§ Problem to work on:
Repeat, exactly as written, the lines from the one with "TOYOTA FULL ABRITES" to the final line of the listing, and keep every picture out.

§ Information supplied:

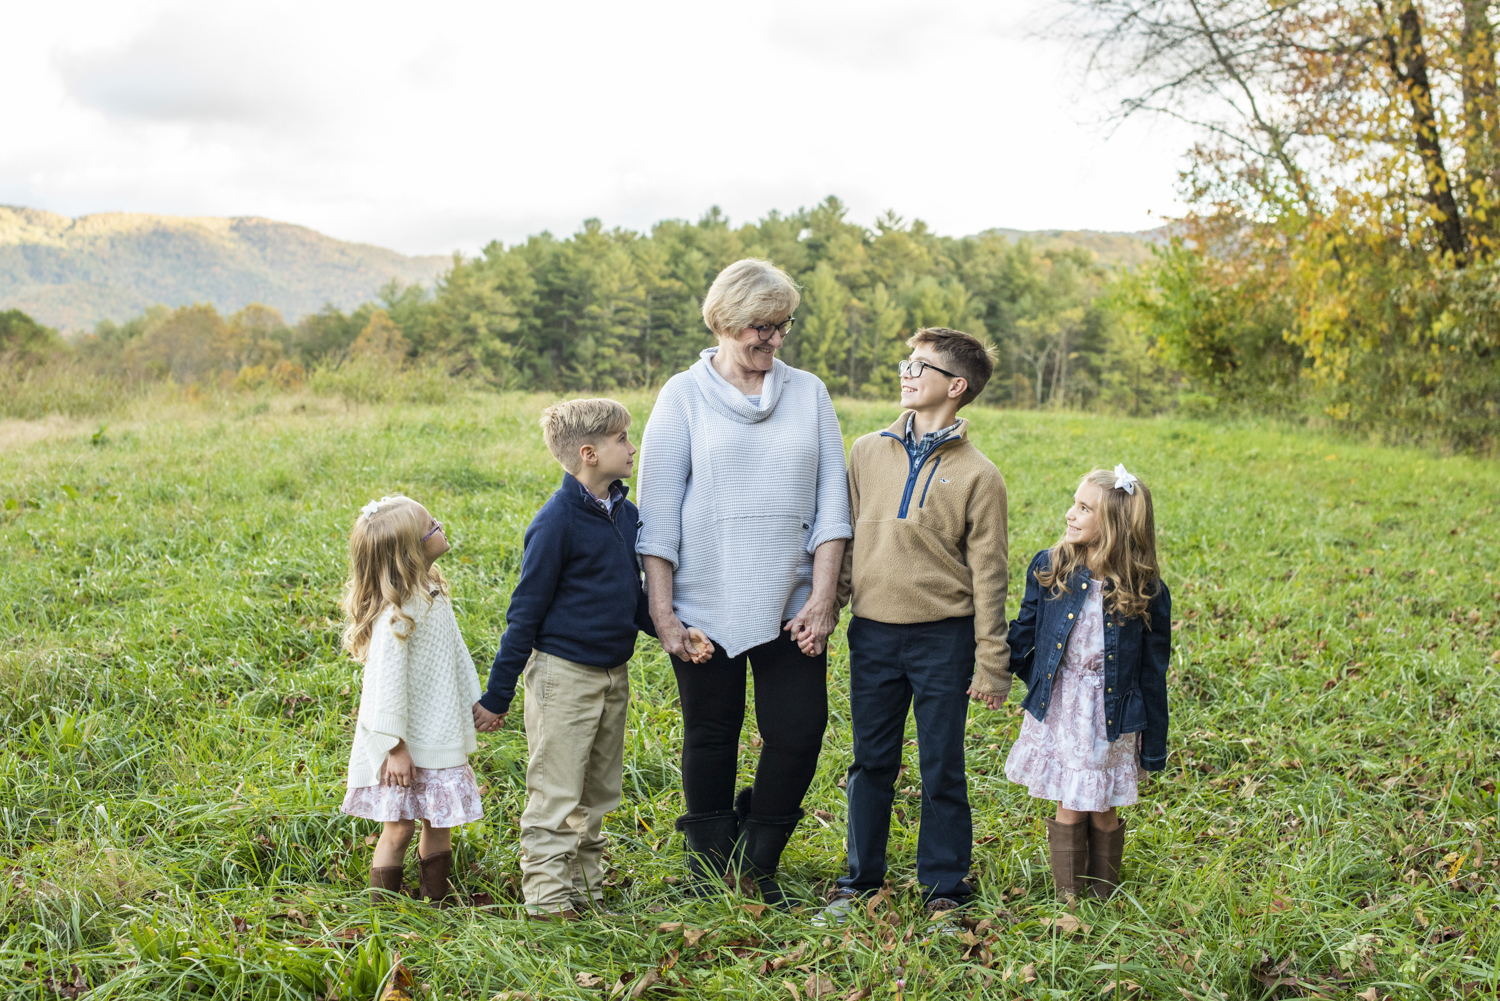 Grandma and grandkids in a field with mountain views
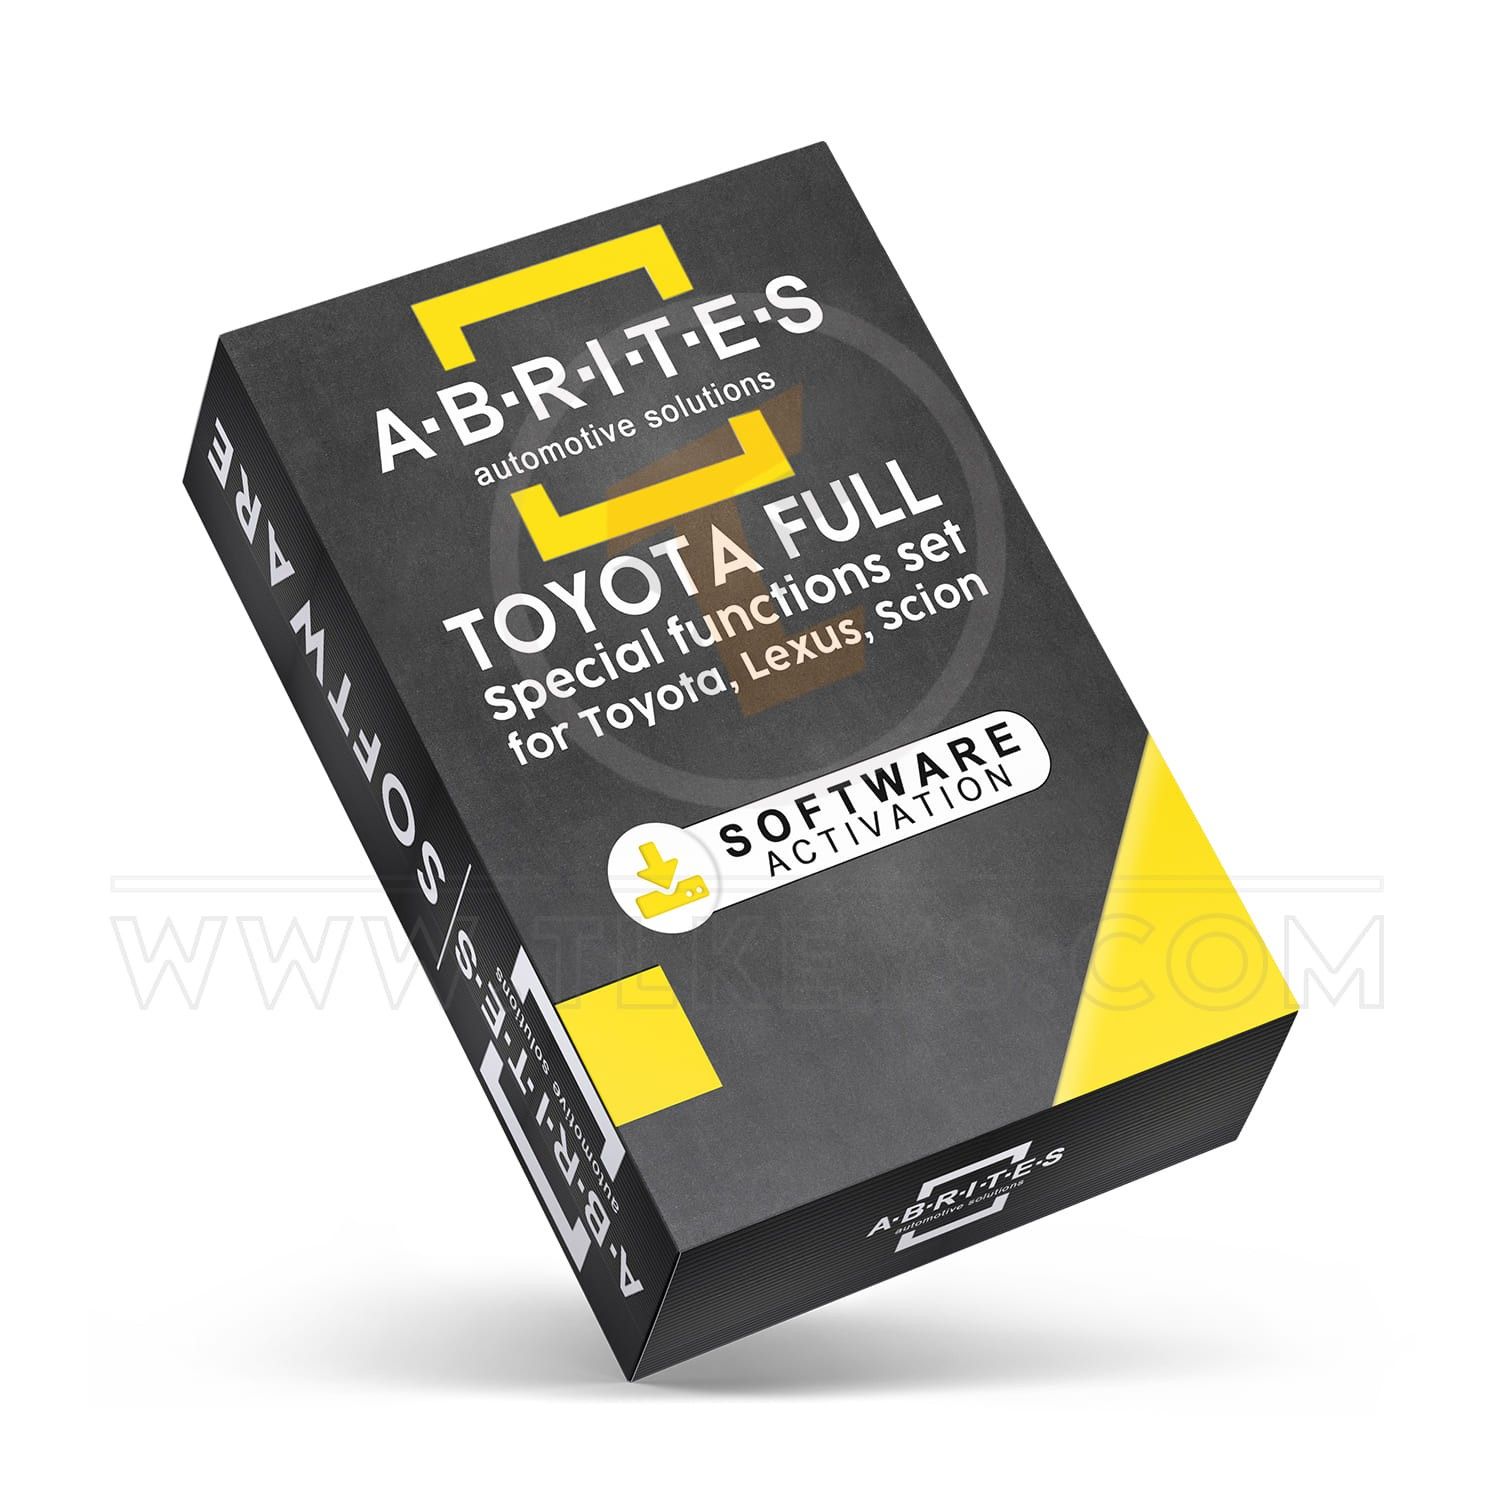 TOYOTA FULL ABRITES Special functions set software
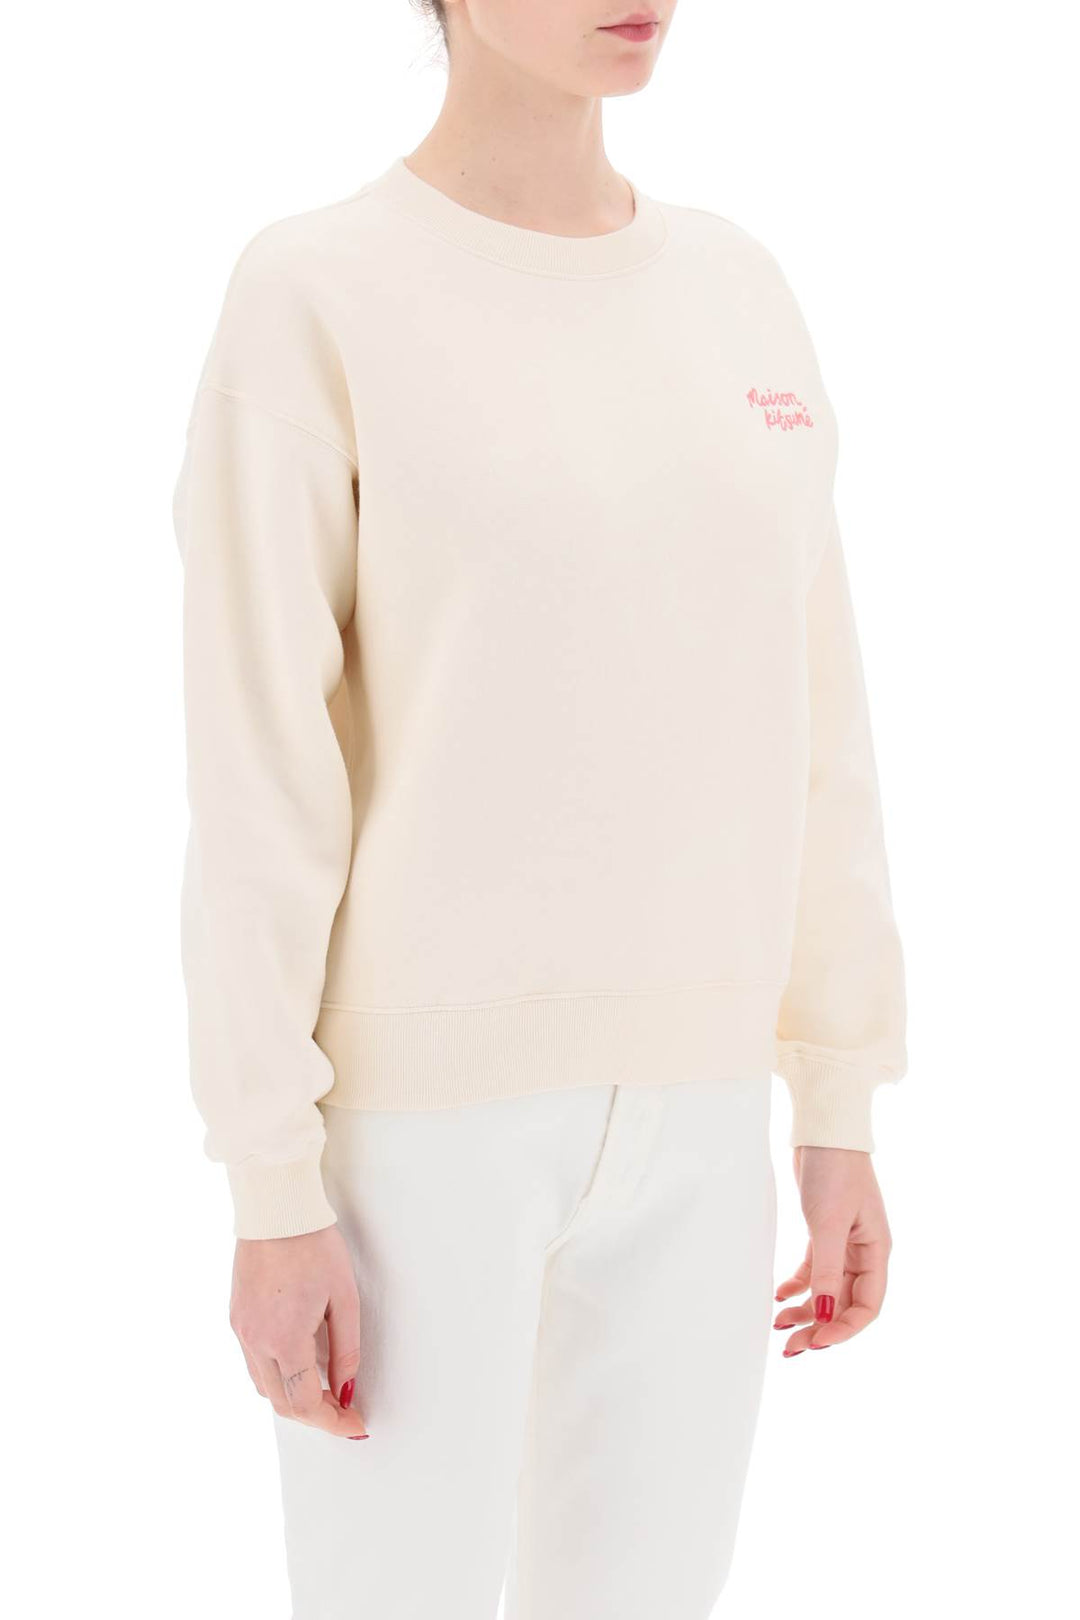 Maison Kitsune Replace With Double Quoteembroidered Logo Crewneck   Rosa

§ Solution to this problem:
 TOYOTA FULL ABRITES Special functions set software
 Maison Kitsune Replace With Double Quoteembroidered Logo Crewneck   Rosa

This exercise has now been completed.